Eserde yapılan analizler çok genel hatlara sahip olduğu için Çin hakkında akademik düzeyde yetersiz olduğunu düşünen genel bir okuyucu kitlesine hitap etmektedir. Bölümlerin içerikleri birbirlerini takip eder nitelikte olup bazı temel çıkarımların ve bilgilerin farklı bölümlerde tekrarlanması okuyucuyu kitaptan uzaklaştırabilir. Birkaç bölüm Türkiye ile ilgili çıkarımlara yetersiz önem verdiğinden ötürü bölümlerin genel argümanıyla bu kısım arasında okuyucunun dikkatini çeken bağlantısızlıklar meydana geliyor.

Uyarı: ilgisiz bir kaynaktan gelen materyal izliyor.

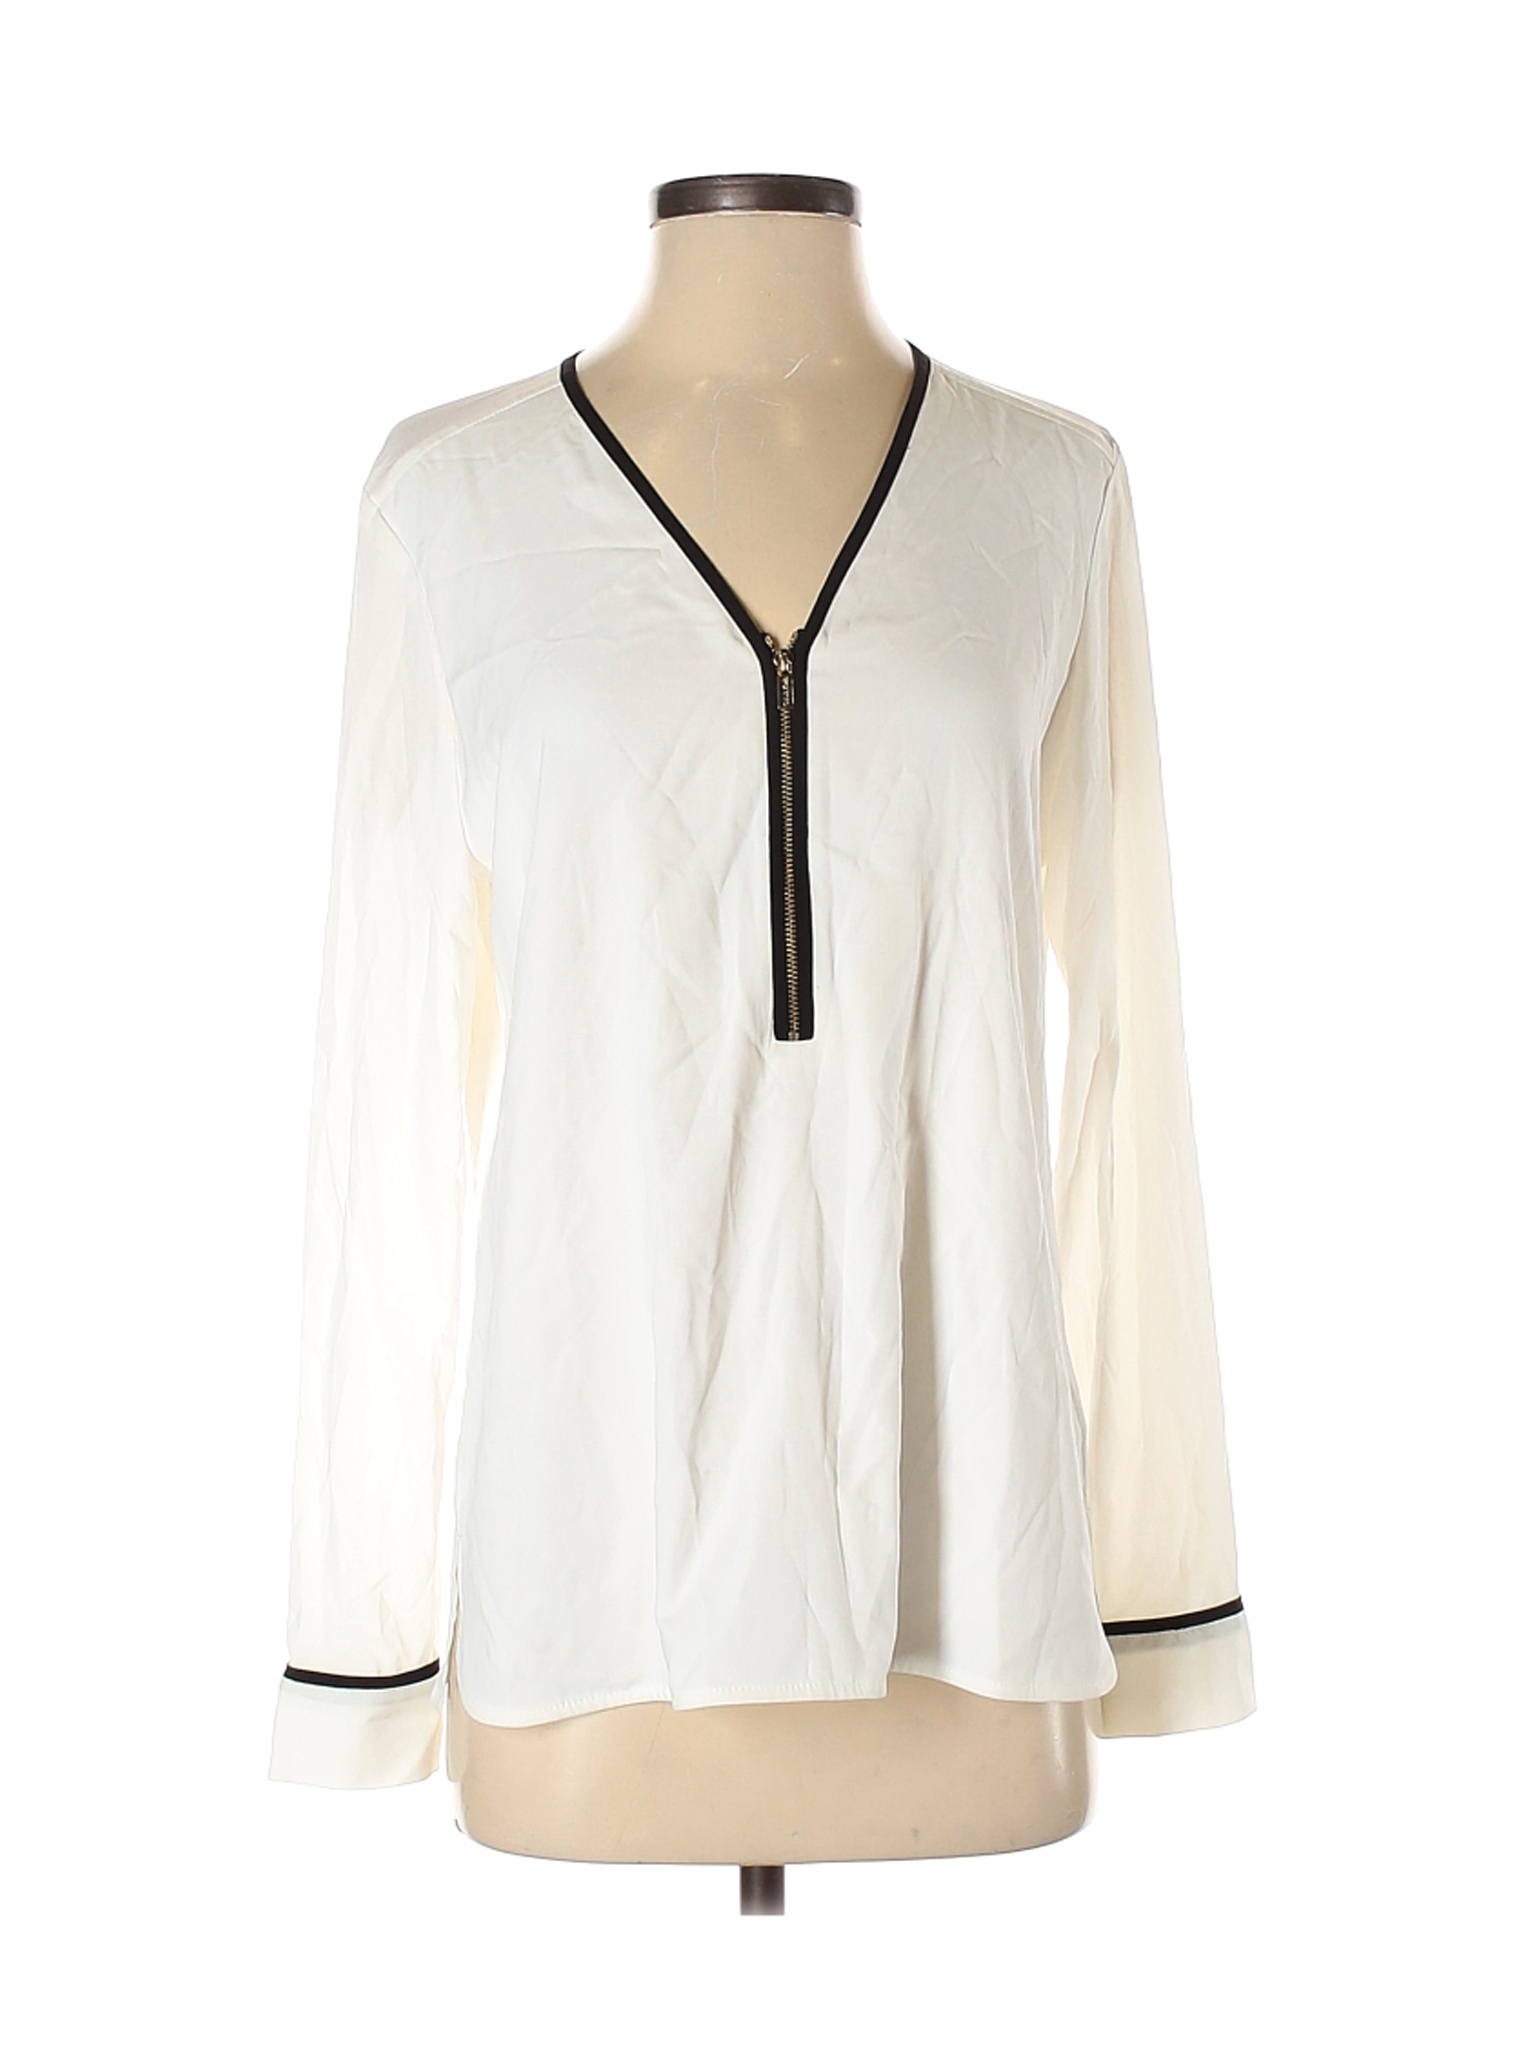 Calvin Klein Women White Long Sleeve Blouse S | eBay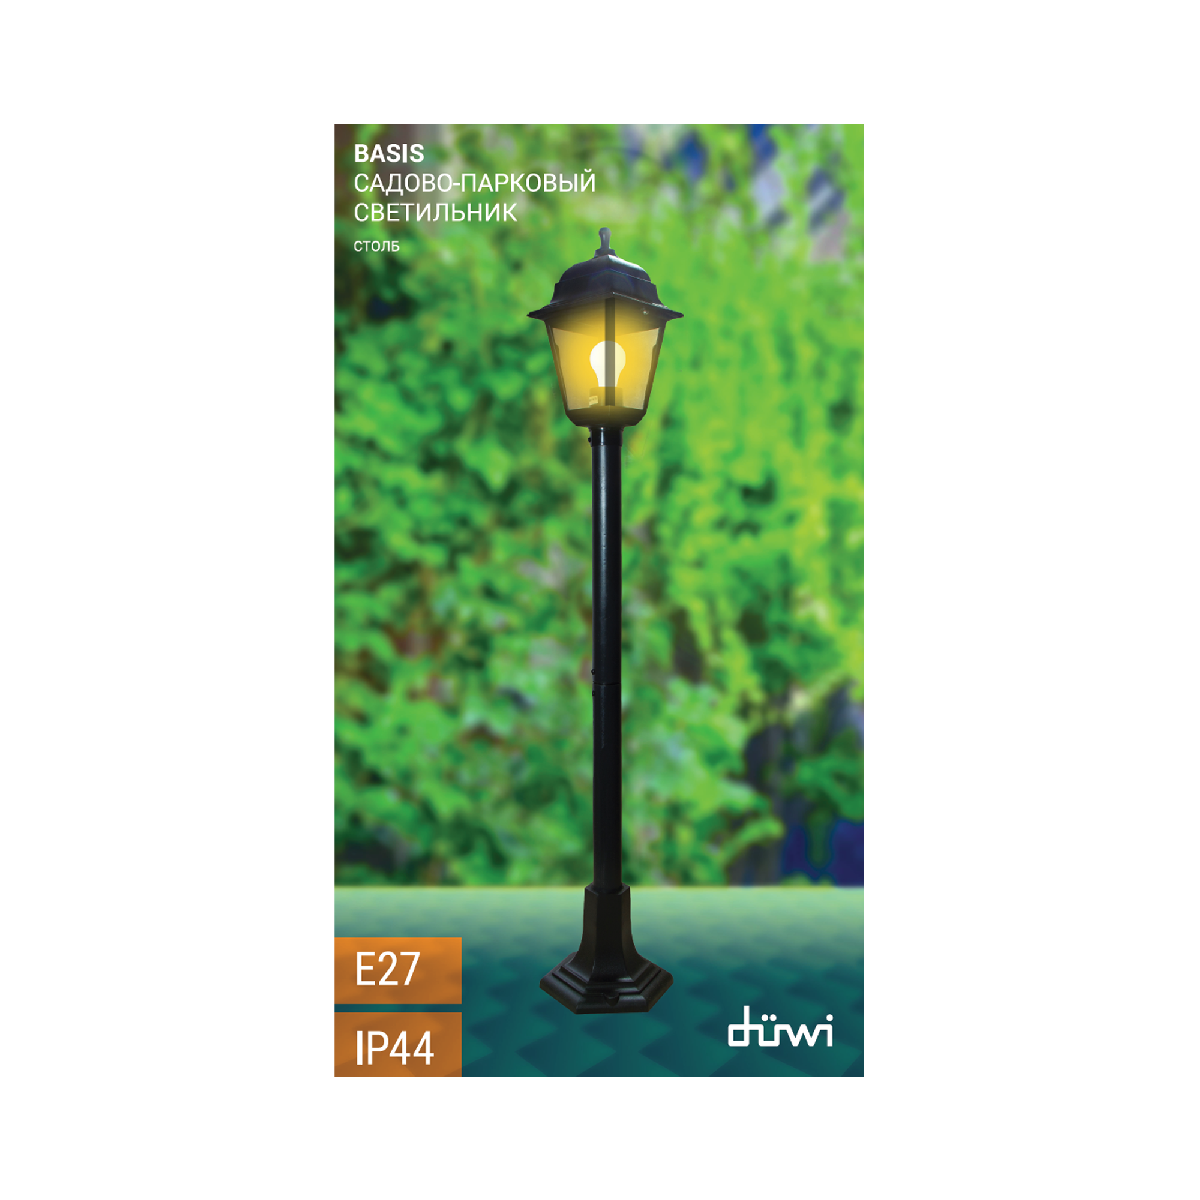 Ландшафтный светильник Duwi Basis 24137 9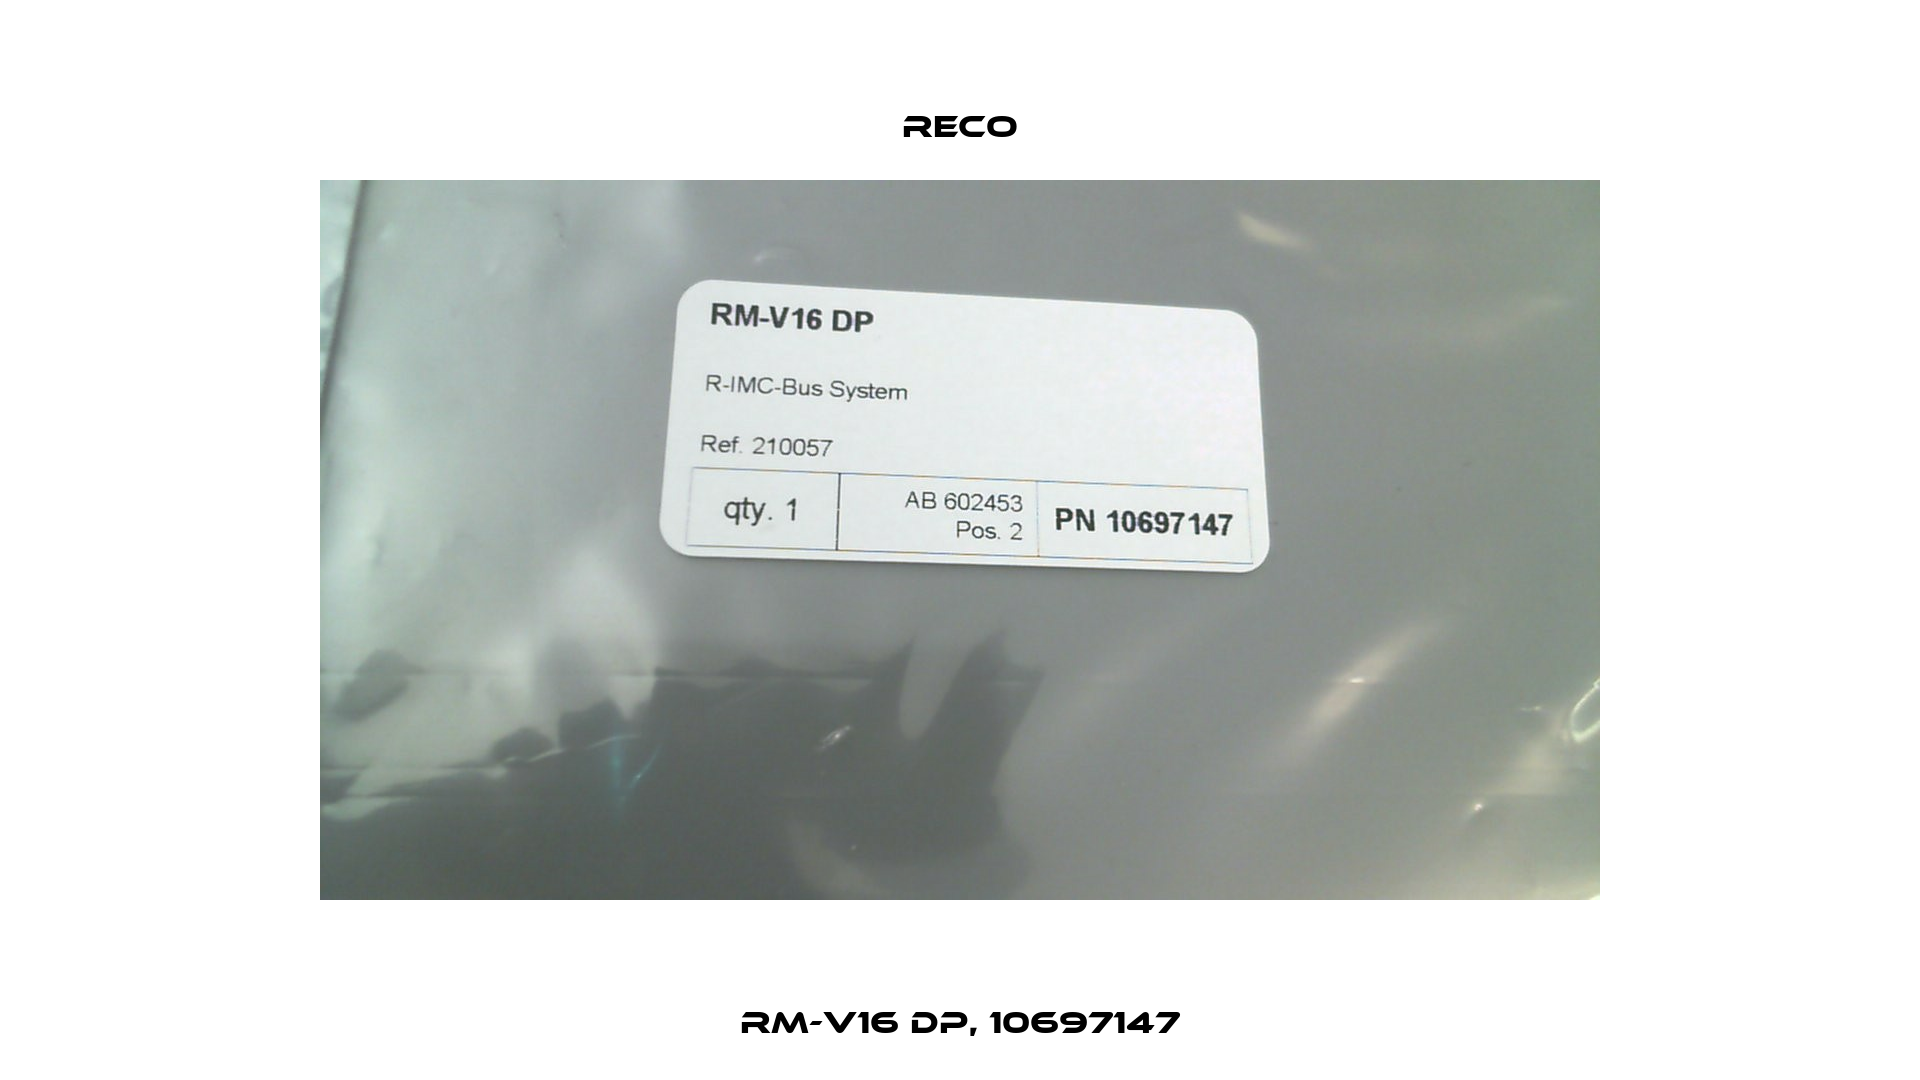 RM-V16 DP, 10697147 Reco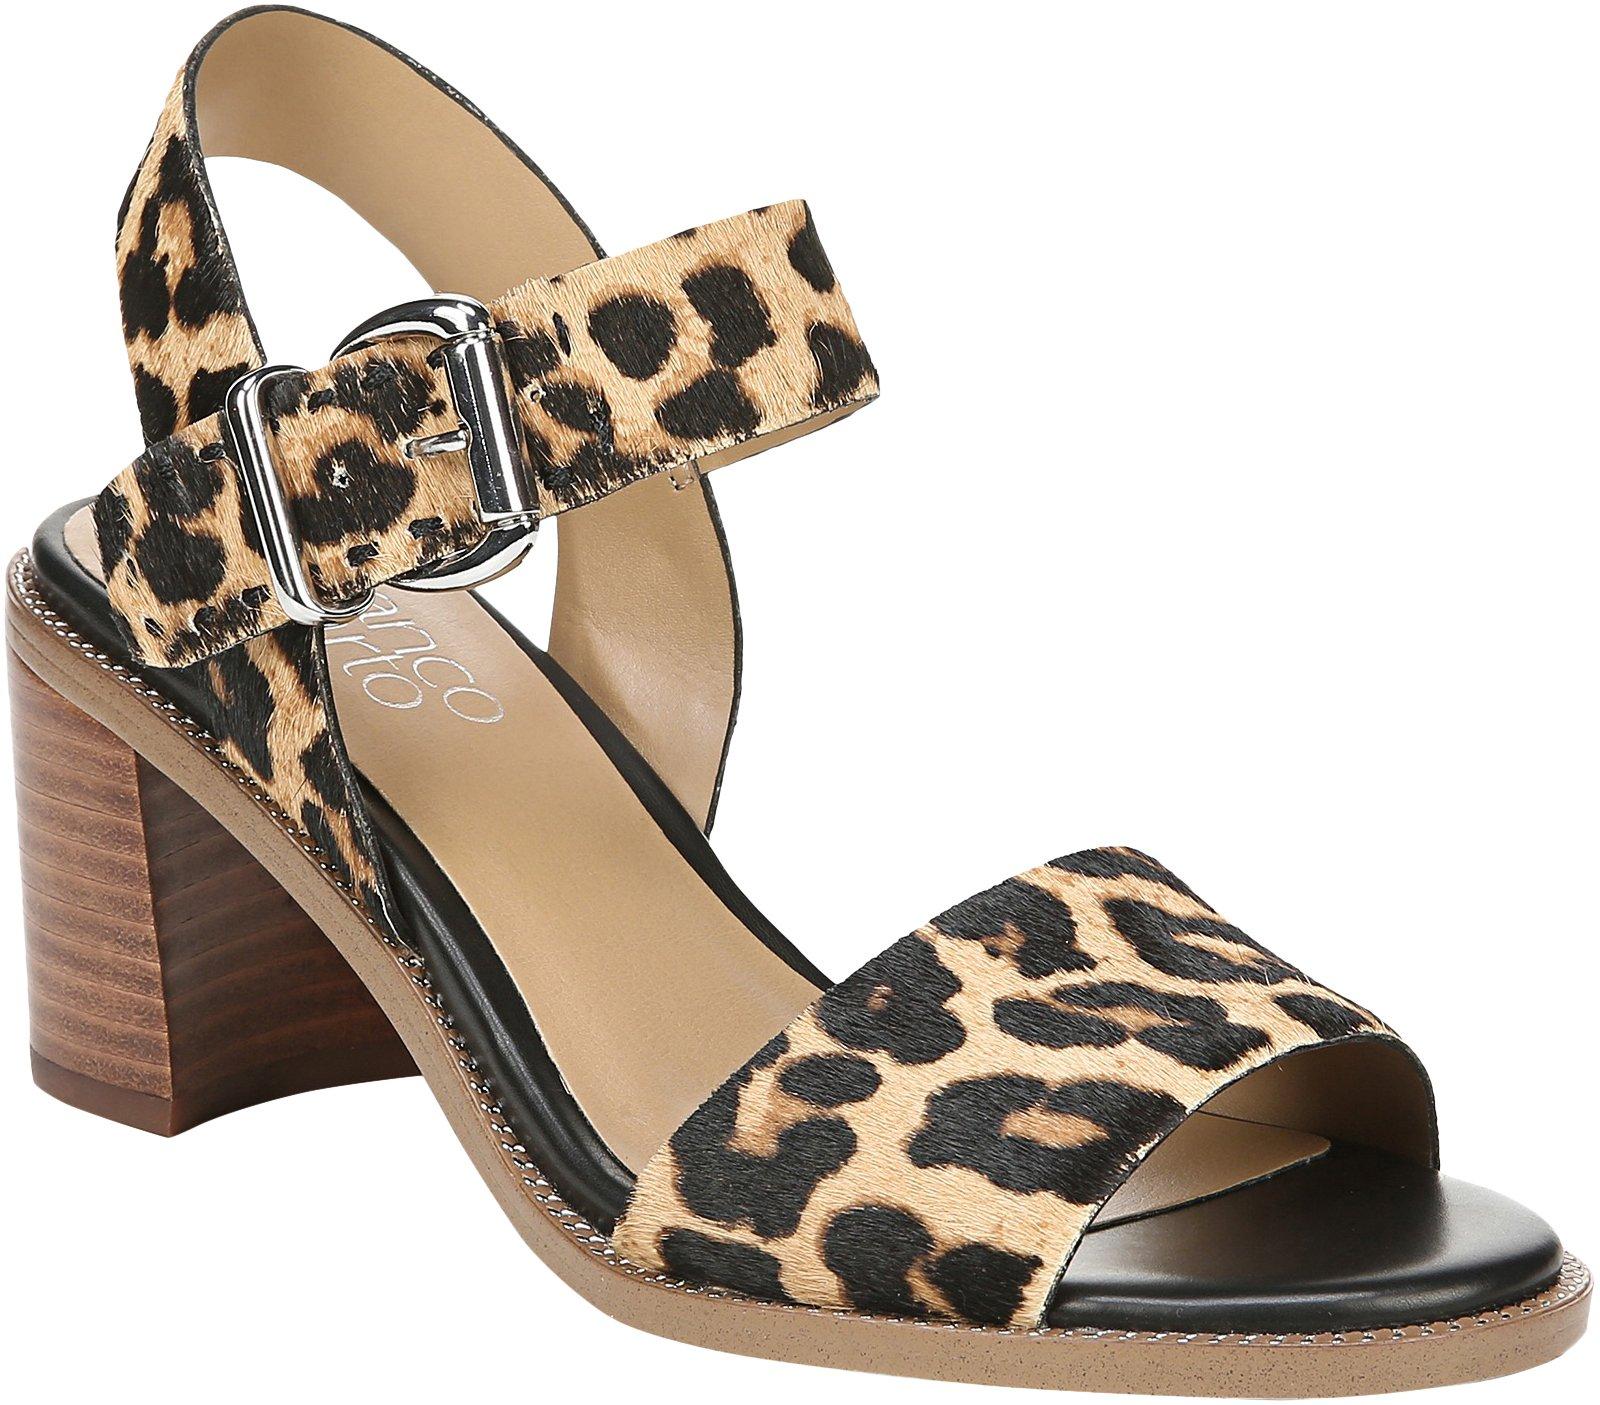 franco sarto leopard sandals

Ancak genel itibariyle, ele aldığı konuların kapsamı, akademisyenlerin kendi alanlarında verdikleri yoğun bilgi akışları ve yapılan detaylı araştırmalar Çin gibi giderek önemi artan uluslararası bir aktör hakkında eserin Türkçe literatüre önemli katkı sağlayacağını gösteriyor.